Genetik mirasın korunması açısından oluşturulan Tohum Gen Bankası çok büyük önem taşımaktadır. Bunun yanında, Trabzon'da yeni oluşturulan ve yapımı devam eden Ulusal Su Ürünleri Gen Bankası da oldukça önemlidir. Bu çalışmalar üzerinde özellikle itina gösterilmesi gerekmektedir. Yerli tohumlar üzerinde yapılan çalışmalar özendirilmeli ve daha fazla araştırıcının konuya yönlendirilmesi sağlanmalıdır. Su ve sulak alanların yönetimi ve bu yönetimdeki yetki karmaşası millî bir su politikasının bulunmayışı gelecekte birçok probleme sebebiyet verecektir.
Son yıllarda ve günlerde görülmekte olan sağanak yağışlar da ileriki dönemlerde artacak ve devam edecektir. İklim değişikliği meteorolojik değişimleri de beraberinde getirmektedir. Bu alanda da altyapı düzenlemeleri tarımsal alanlarda alınacak önlemler paketi oluşturulmalıdır. Felaket gelmeden önlemleri almak ülkemizin geleceğini güvence altına almamızı sağlayacaktır. Barajlar, su yapıları ve havza planlamaları yapılırken bu kriterlerin tamamı göz önünde bulundurulmalıdır. Tarımda tam manasıyla damla sulamaya geçilmesi ve kuyulardan su çekimi kontrol altında tutulması gerekmektedir. Kaçak kuyulara izin verilmemeli ve bu önlemler alınırken de çiftçilerimiz mağdur edilmemelidir.

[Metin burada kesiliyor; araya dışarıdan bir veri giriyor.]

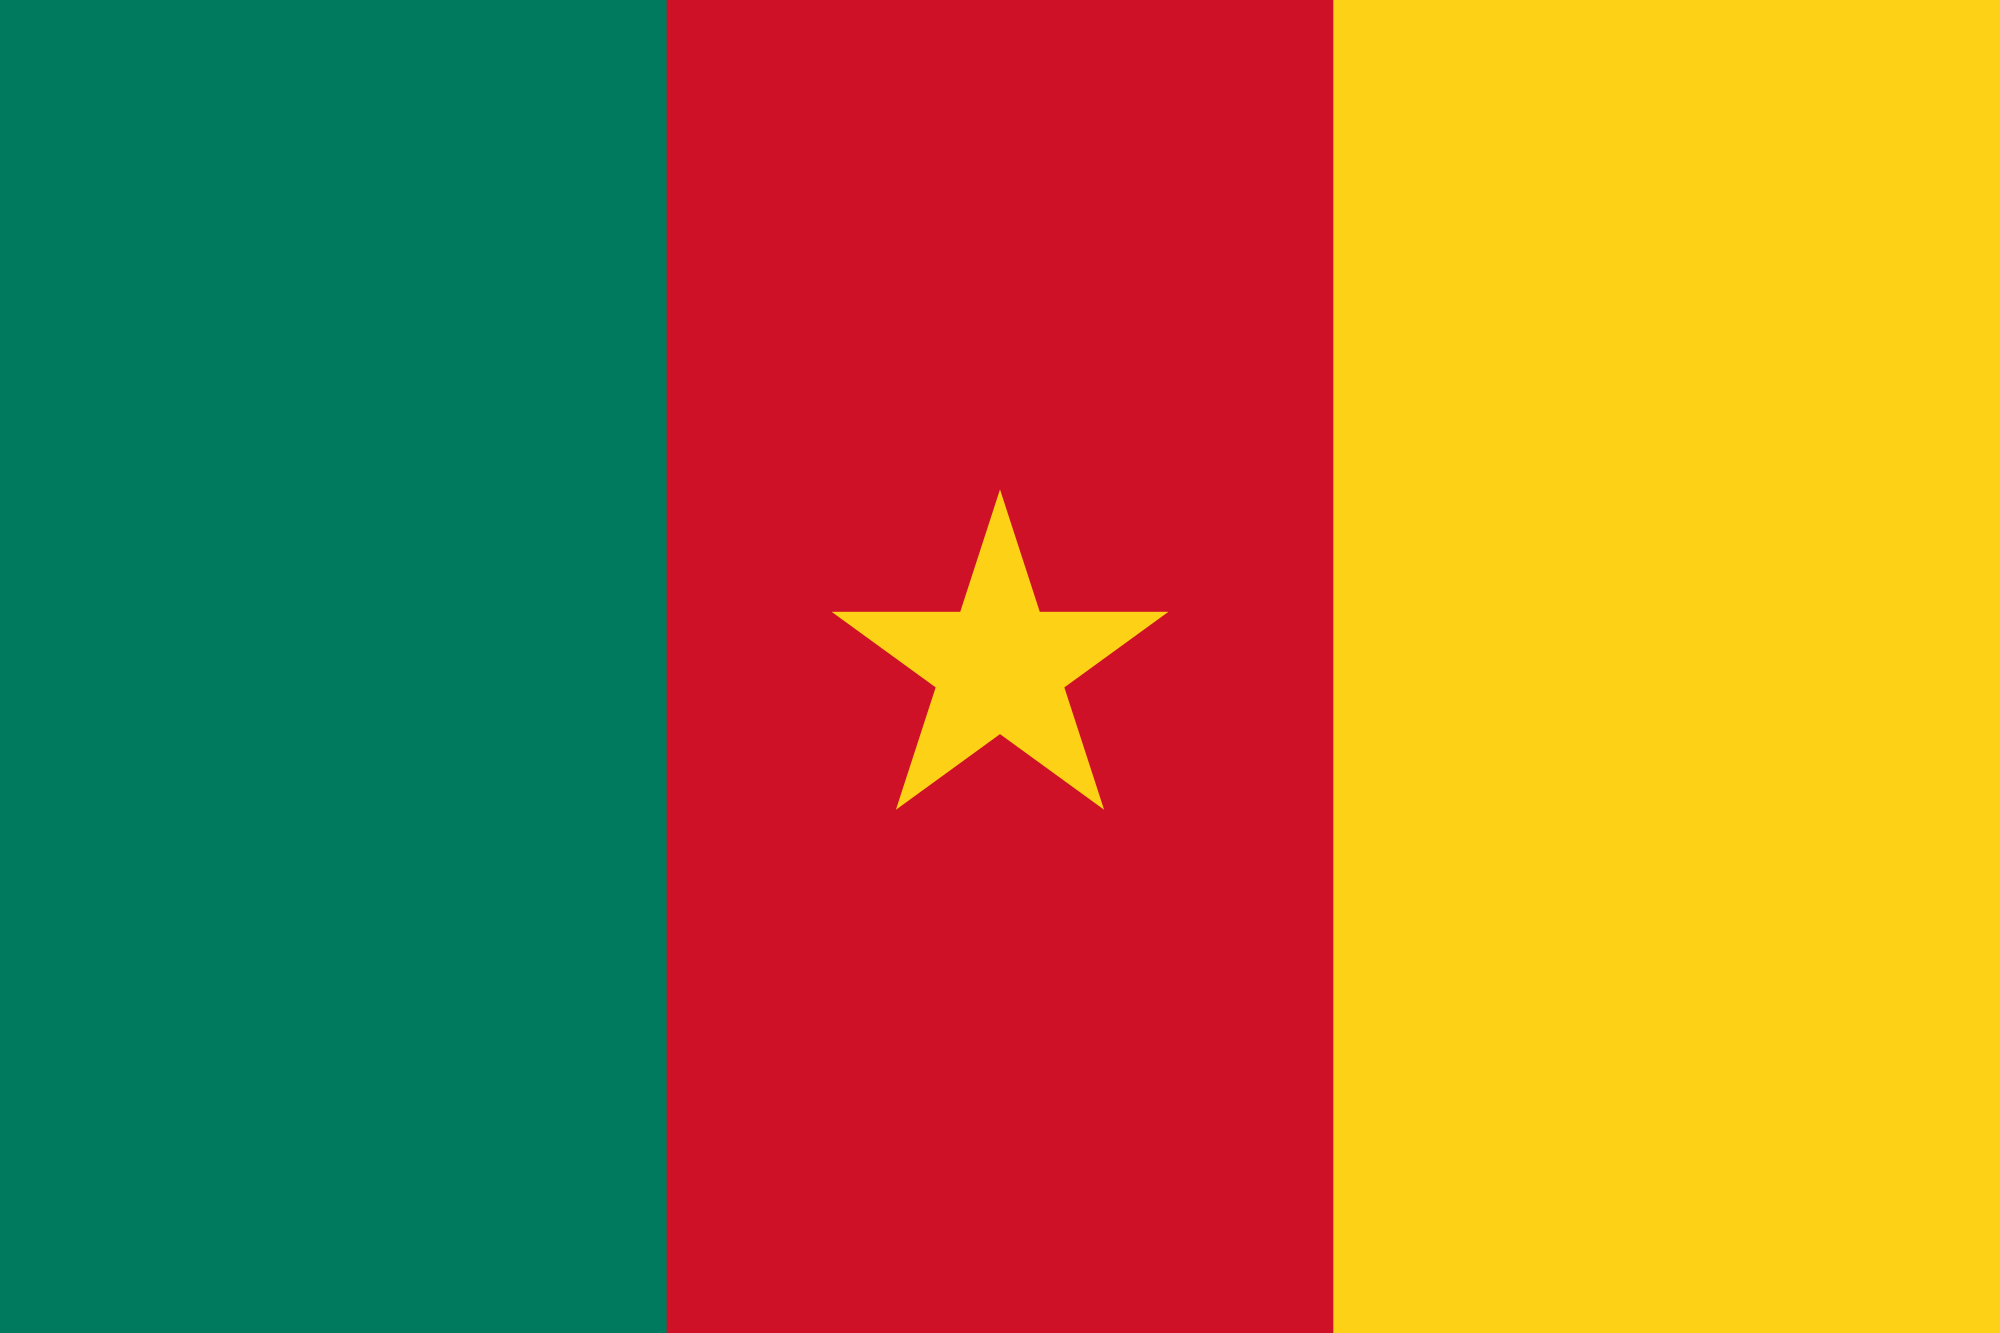 O Cameroon, Cradle of Our Forefathers #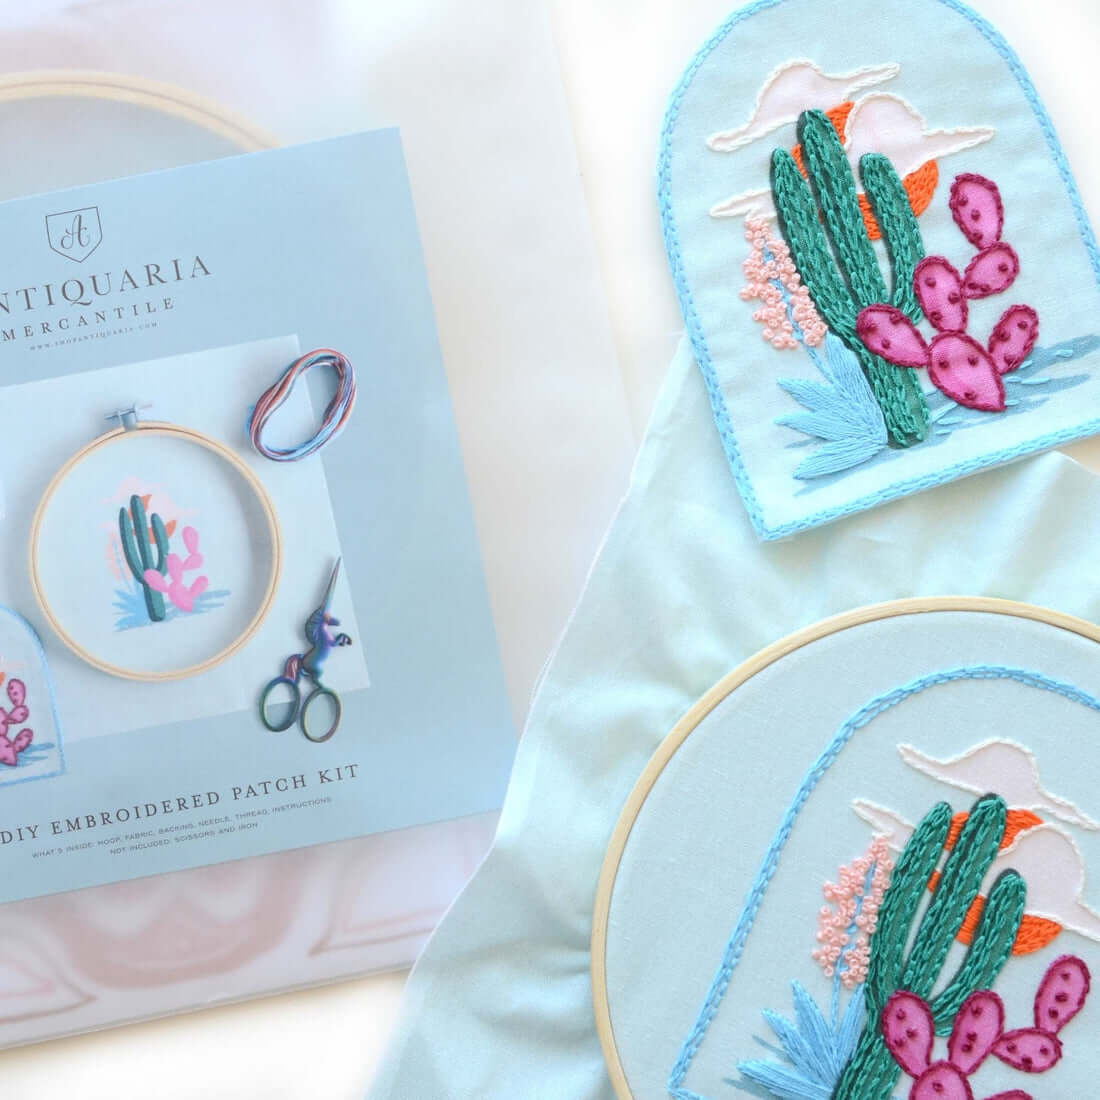 Hand embroider a cactus patch with this DIY kit

Ülkemizdeki yüzey suların kirlilik düzeylerini belirleyen çalışmalar yapılmıştır. Bu çalışmalar doğrultusunda yüzey sularında kirli alanların iyi duruma getirilme çalışmaları hızlandırılmalıdır. Yer altı suni baraj ve su havzası oluşturma girişimleri de hızlandırılmalıdır. Akarsular üzerinde yapılan su yapılarındaki balık geçitleri tekrar düzenlenmeli ve o bölgede yayılış gösteren balıkların ekolojik isteklerine göre yeniden organize edilmelidir.
Ülkemizde özellikle bazı illerde tarım arazileri bireysel olarak veya kooperatif kurularak hobi bahçeleri adı altında ekonomik anlamda tarım yapılamayacak boyutlarda çok küçük parçalara bölünmekte, üzerine tel, çit, duvar ve yapı inşa edilerek satılmaktadır. Ancak bu satışın tapu müdürlükleri kanalıyla değil kooperatif üyeliği şeklinde veya noter sözleşmeleri ile yapıldığı, gerek kaymakamlıklara gerekse de tarım ve orman il müdürlüklerine yoğun şekilde şikâyetler bulunduğu bilinmektedir. Bu durum, İzmir'de de olduğu gibi, özellikle seçim bölgem İzmir'de Aliağa, Menderes, Buca, Torbalı gibi ilçelerde yaygınlaşmakta ve arazi sahipleri açısından rant kaynağı olarak görülmektedir. Şu an itibarıyla kuruluş aşamasında olanlarla birlikte 25'e yakın kooperatif faaliyete geçmiştir.
(Mikrofon otomatik cihaz tarafından kapatıldı)
BAŞKAN - Buyurun, devam edin Sayın Kalyoncu.
HASAN KALYONCU (Devamla) - Bu konu acil şekilde araştırılıp çözüme kavuşturulmalıdır.
Bunun yanında Su Enstitüsünün kuruluş amacı su politikalarını geliştirmek ve eş güdümü sağlamak iken bu görevi yerine getirememektedir. Şu anda var olan ve işleyen yapısıyla gösterdiği faaliyetler Su Yönetimi Genel Müdürlüğü ve Devlet Su İşleri tarafından zaten yapılmaktadır. Ya bu enstitünün kapatılması veya asli görevine döndürülmesi gerekmektedir.
Bütçenin hayırlı olmasını diler, Genel Kurulu saygıyla selamlarım. (MHP ve AK PARTİ sıralarından alkışlar)
BAŞKAN - Teşekkürler Sayın Kalyoncu.